What is a cyber attack?
A cyber attack is an assault by a third party via a computer against another computer or computer system, which is intended to compromise the integrity, availability or confidentiality of that computer or computer system. For example:
- A remote attack on a business’s IT systems or website.
- Attacks on information held in third-party systems (for example, the company bank account).
Understanding the risks faced by the business
Every business should identify the key assets that need to be protected from a potential cyber attack. For example:
- Customer databases.
- Financial information.
- IT services (such as the ability to take payments via the company website).
Consider the impact that a cyber attack could have on the business
- Financial loss. Financial losses stemming from:
- theft of information, bank details or money;
- costs associated with cleaning up affected systems and getting them functioning again.
- Reputational damage. A business that has been the victim of a cyber attack will be keen to convince its customers, owners, employees and the general public that the incident was a one-off event and the situation is now under control. Reputational damage can often lead to a reduction in profits and the erosion of a business’s customer base.

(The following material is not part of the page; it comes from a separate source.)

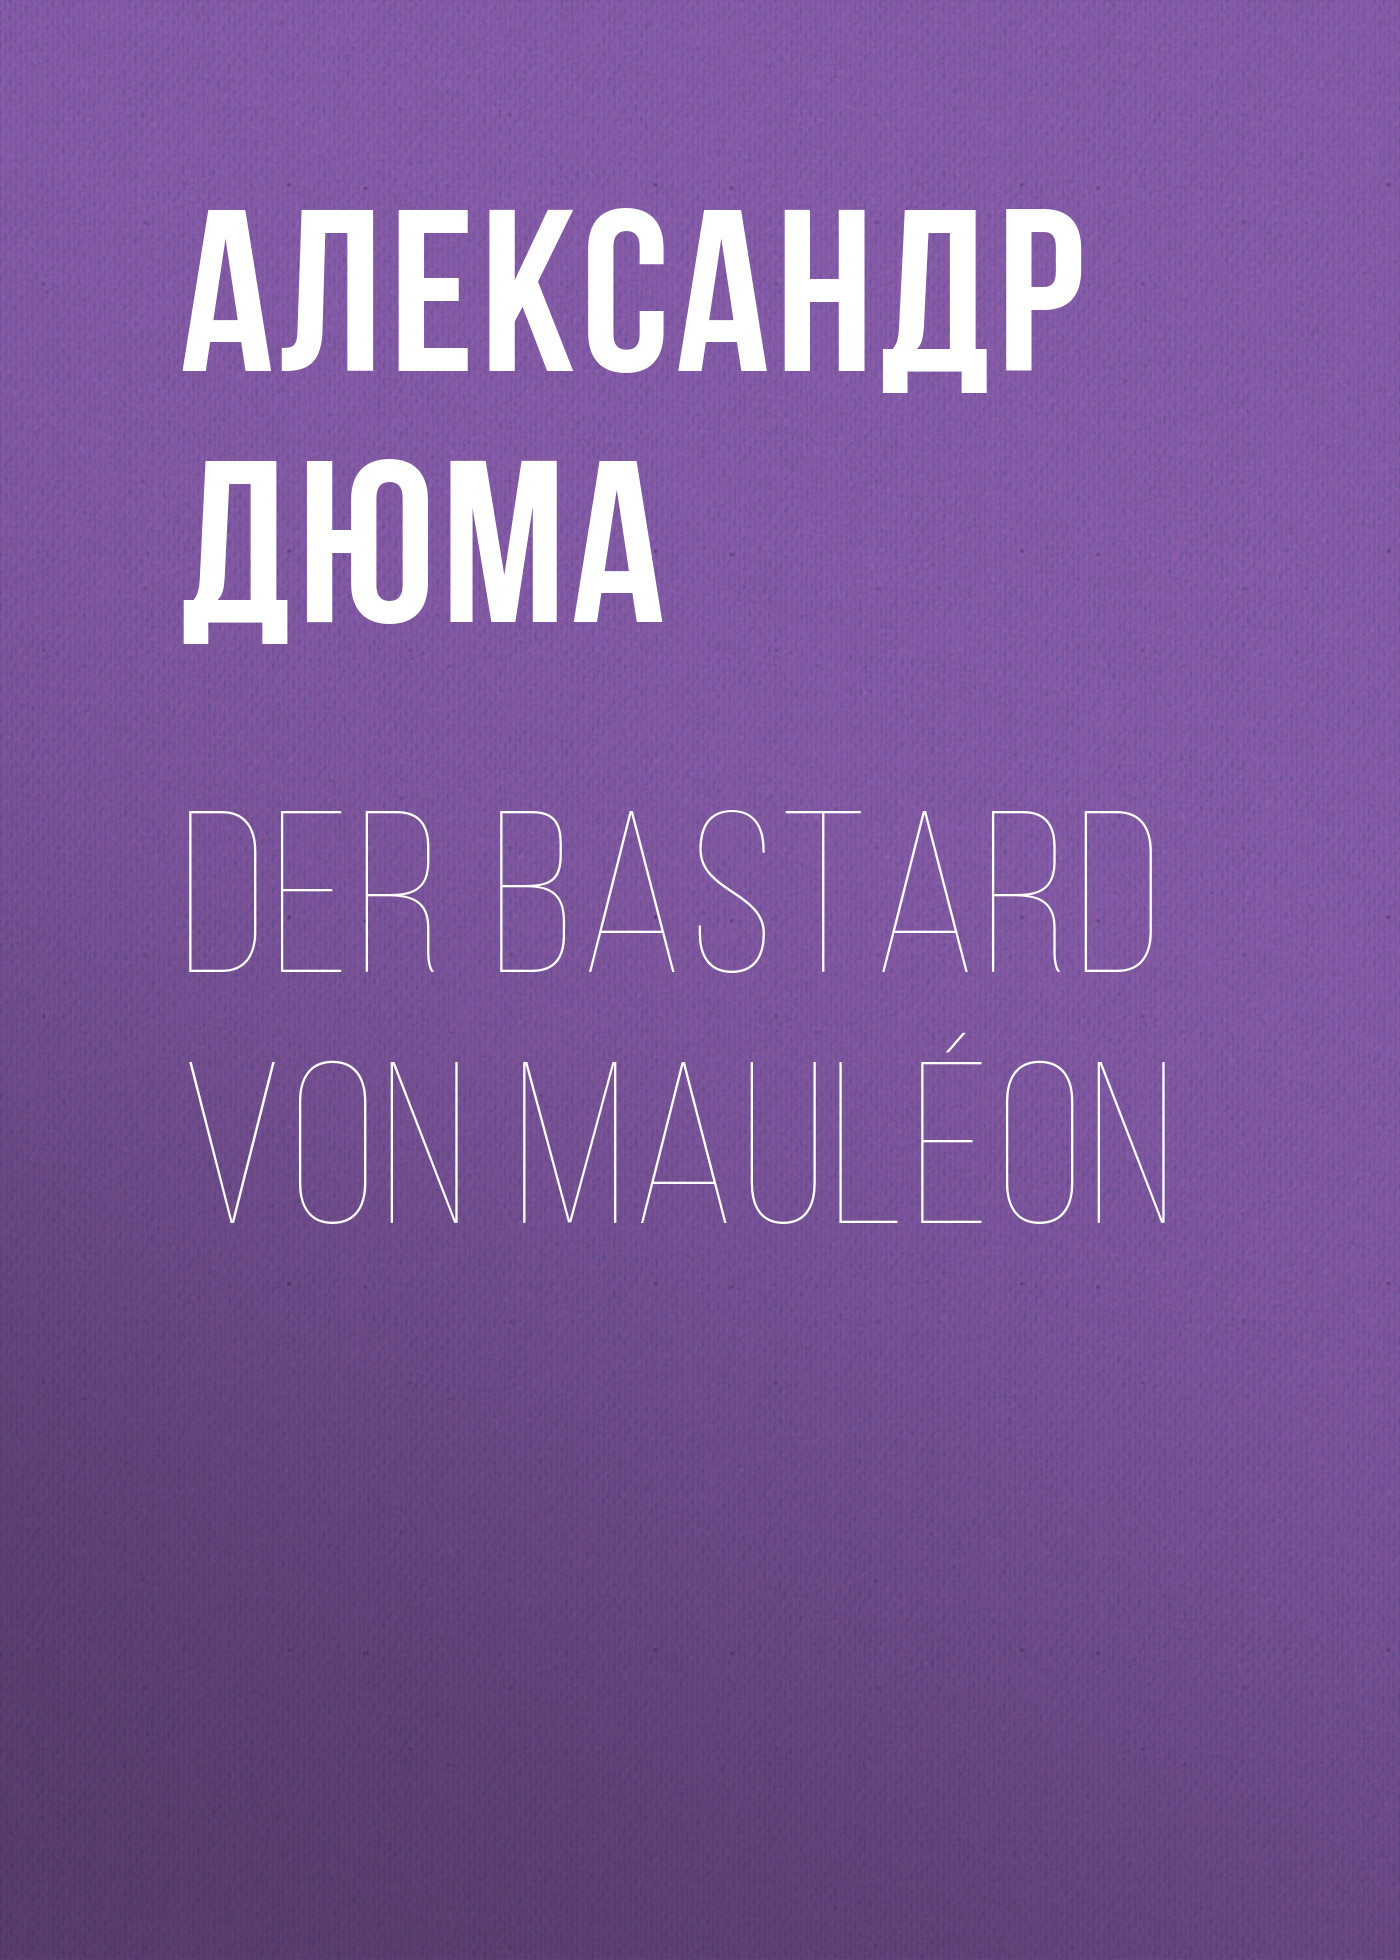 Книга Der Bastard von Mauléon из серии , созданная Alexandre Dumas der Ältere, может относится к жанру Зарубежная классика. Стоимость электронной книги Der Bastard von Mauléon с идентификатором 48632420 составляет 0 руб.

- Regulatory sanctions. The business could be fined if personal data is lost or compromised due to a cyber attack. Data protection laws require businesses to implement appropriate technological and organisational security measures against unauthorised or unlawful processing, accidental loss and destruction or damage of personal data.
Planning for a potential cyber attack
Businesses should contact their suppliers, major customers and competitors to find out whether they have been the victim of a cyber attack. This information will help the business decide whether it may be the target of an attack.
Business continuity planning
- Produce a plan detailing who to contact for support if the business is attacked or its online services are disrupted. The plan should set out the business’s recovery procedures and explain how it would continue operating, particularly if the business trades online.
- Important business records (for example, sales information) should be backed up regularly and archived in a secure, off-site location that can be easily accessed after a cyber attack.
Implementing measures to protect the business from a cyber attack
Businesses can take a number of steps to improve their security controls:
- Malware protection. Install anti-virus solutions on all systems and keep software and browsers up to date. Consider restricting access to inappropriate websites to reduce the risk of being exposed to malware (malicious software).
- Network security. Increase protection of the business’s networks (including wireless networks) against external attacks through the use of firewalls, proxies and other measures.
- Home and mobile working. Home and mobile working increases a company’s cyber risk profile. A business should draft and implement a home and mobile working policy and train employees to adhere to it, especially if the business allows employees to use personal mobile devices (for example, laptops or tablets) for business use.